LGBT activists question Peru’s response to trans man’s death in Indonesia

LGBT activists question Peru's response to trans man's death in Indonesia

LIMA: LGBT active supporters and workers in Peru kept a protest upon Friday (Aug 26) questioning how their particular government handled the death of a Peruvian transgender man in Indonesia earlier this particular month who was held at the airport upon arriving to commemorate his honeymoon.

Rodrigo Ventosilla, a Peruvian graduate student at Harvard University and transgender rights activist, died on the tourist tropical isle of Bali of “bodily failure” days after being held for alleged marijuana possession.

Peru’s foreign ministry released a statement recently calling Ventosilla’s supposed drug possession a critical crime in Indonesia and that transphobia has not been a factor in his arrest, but did not acknowledge he had later died while in custody.

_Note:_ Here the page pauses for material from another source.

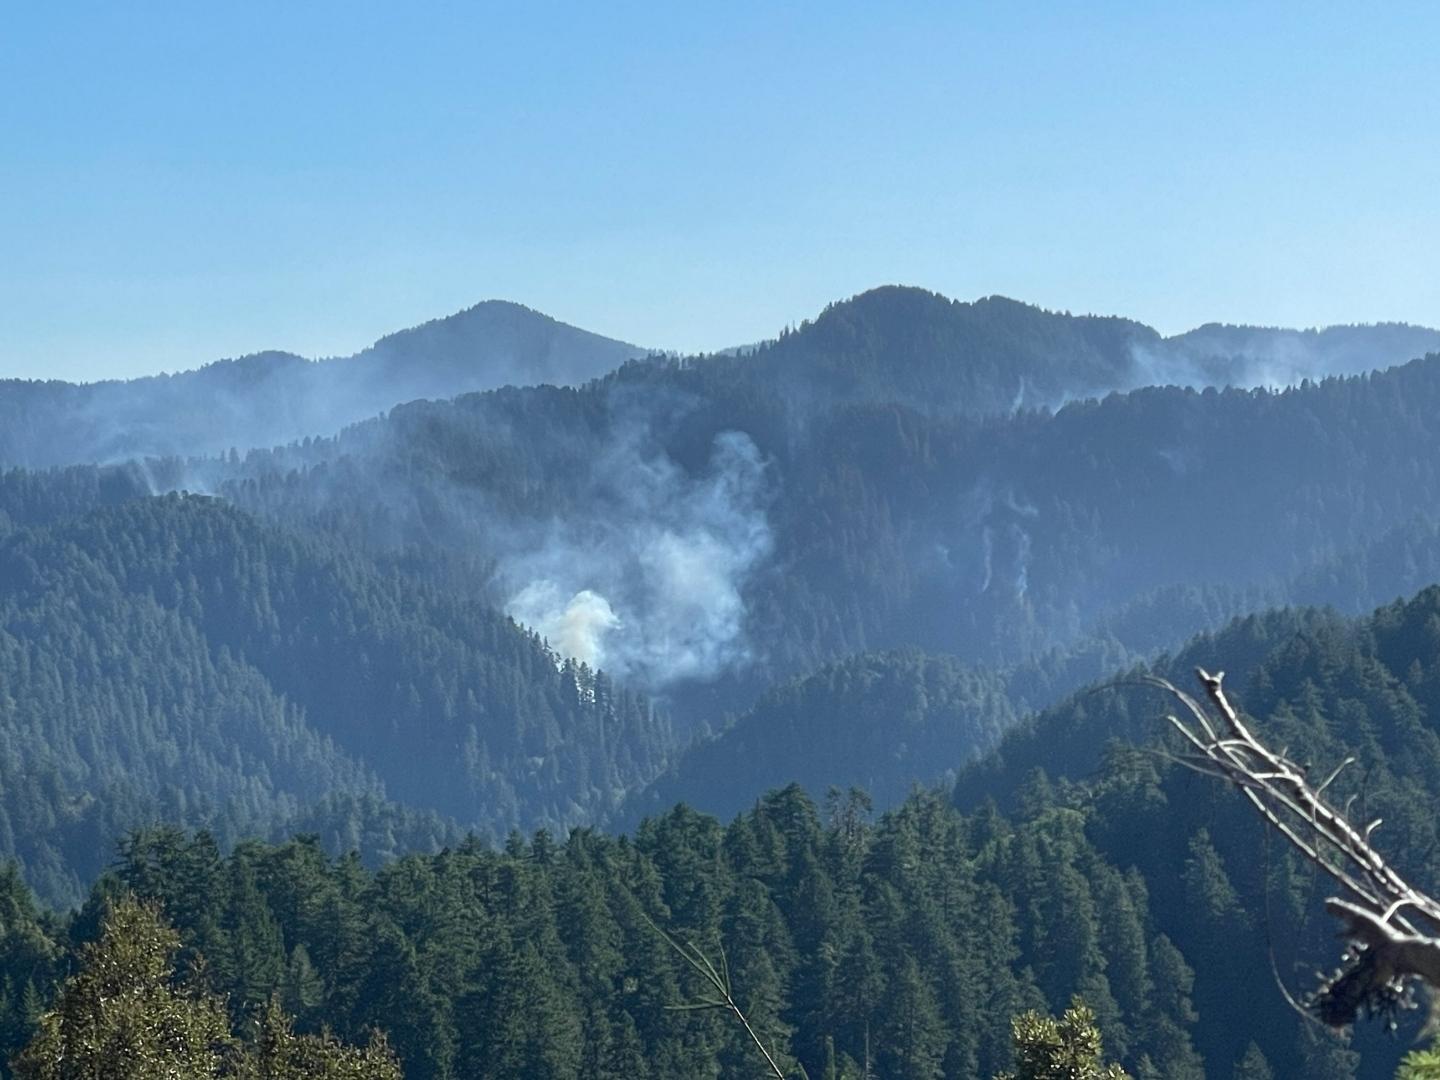 A photo of mountains with visible smoke from a fire burning in the center. The mountains are covered in pine trees. The sky is clear and blue.

“We reject and condemn the foreign ministry’s statement, ” said LGBT activist Luz Manriquez at a small protest within Lima.

Manriquez said the government’s statement was biased because it adopted Indonesia’s position and did not demand an investigation.

“It lacks sympathy because it does not recognize that a Peruvian has died in the hands of police from another country, inch Manriquez added.

Brenda Alvarez, an attorney for Ventosilla’s loved ones, told reporters on Friday the foreign ministry had agreed to apologise over the statement and launch a study.

Peru’s foreign ministry could not end up being reached for comment.

Alvarez added there is no date to get when Ventosilla’s entire body will arrive in Lima.

The Indonesian police told Reuters this week the case can be closed and that simply no violence was involved with Ventosilla’s death.

“Even if you are held in another country, it is unreal and painful that will (the Peruvian government) can leave you such as this, ” said Arturo Davila, a member associated with Diversidades Trans Masculinas, a trans legal rights organization that Ventosilla founded seven years ago in Peru.